Я цитировал уже — может быть, не в этой аудитории, но мне кажется, это важная цитата. Я еще раз ее процитирую. Это «Московские новости», осень 1991 года, когда уже после путча Ельцин не просто назначает новое правительство, где Гайдар становится первым вице-премьером — тоже исторический абсолютно момент формирования этого правительства осенью, — но и решает для себя вопрос, что надо делать дальше. Дальше надо проводить реформы и политические преобразования в стране. Нужна новая конституция, грубо говоря, или нужны рыночные реформы? Нужны выборы по всей стране или нам нужно сводить в бюджете концы с концами и проводить ответственную финансовую политику? И он делает выбор в пользу второго — выбор, за который он потом покаялся и сказал: «Это была моя ошибка.

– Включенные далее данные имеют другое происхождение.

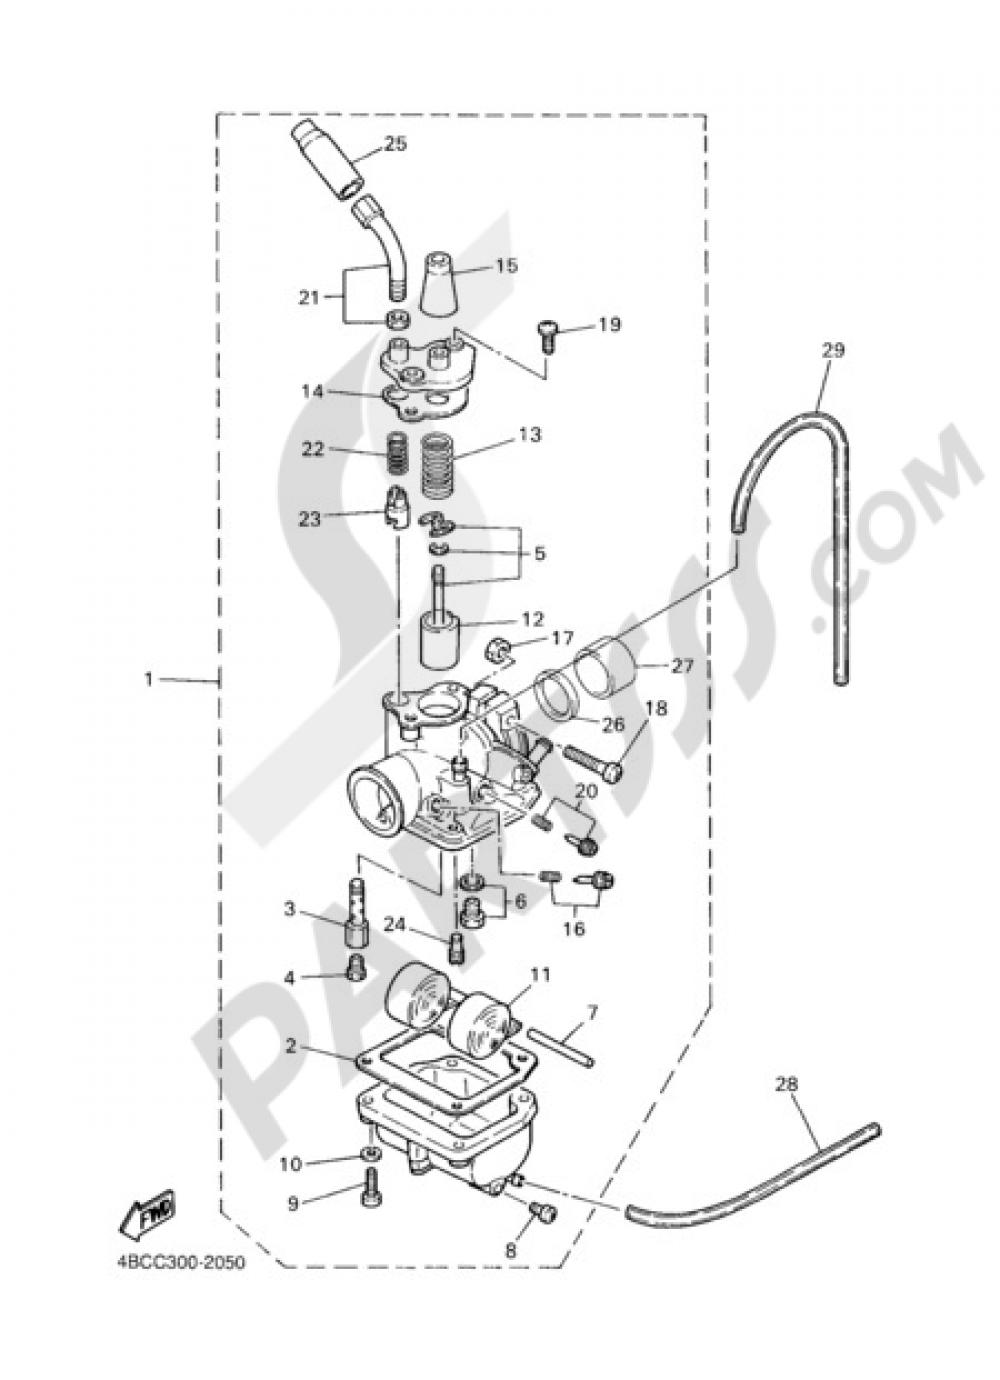 33 Yamaha Pw80 Carburetor Diagram

Конечно, я должен был тогда, уже осенью 1991 года, после путча, думать над политическими преобразованиями в стране, а я отдал предпочтение реформам».

Чтобы проводить реформы, нужна сильная власть. Вот у нас есть лидер, и он, значит, поведет нас вперед в это светлое будущее. Потому что реформы народу не понравятся, поэтому мы сейчас их, значит, из этой дискуссии убираем временно на год, на два, пока мы проводим самые острые преобразования в стране, а потом уже будут и выборы губернаторов, и так далее, и все будет как у всех во всех цивилизованных странах. Такая была логика осенью 1991 года. И опять-таки, на взгляд оттуда, это выглядело и звучало логичным. Ну какие выборы, когда такие огромные задачи? Страна на грани голода находится, нужно ее вытаскивать из этого состояния — сейчас не до выборов. И понятно, что и то, и другое тяжело. Понятно, что надо выбирать экономику.

Соответственно, так родилась концепция сильной власти, которая сама прикрывает собой, собственно, правительство, а правительство опирается на власть, а не на общество. Все демократические лидеры у нас в стране с тех пор зависели от решений лидеров и за них держались. Это были их опорные точки, а не то, что они пользовались авторитетом в обществе. Что тоже очень тяжелая ситуация, которая заставила, собственно, того же Ельцина постепенно сдавать одного за другим все свое либеральное реформаторское правительство и постепенно от всего этого отказываться. Но тогда этого выглядело вот так.

И, собственно, цитата, которую я хочу вам прочитать. Публицист Александр Гельман, «Московские новости», осень 1991 года, когда Ельцин берет на себя дополнительные полномочия, чрезвычайные, на период проведения реформ. И вот он пишет: «Совместимы или несовместимы демократия и сильная власть — не где-нибудь, не вообще, а конкретно сейчас, здесь, в России, в сегодняшней экономической, политической и психологической обстановке? Я отвечаю на этот вопрос так. Слабая власть нашу демократию — точнее, нашу возможную демократию (она должна быть вот скоро уже), — погубит безусловно, наверняка, вне всякого сомнения. Сильная власть, хотя и может вывернуться наизнанку и тоже привести к диктатуре (такой риск есть), тем не менее, не лишает надежды, что пройдя через период умеренного авторитаризма, выведет общество на твердую демократическую почву».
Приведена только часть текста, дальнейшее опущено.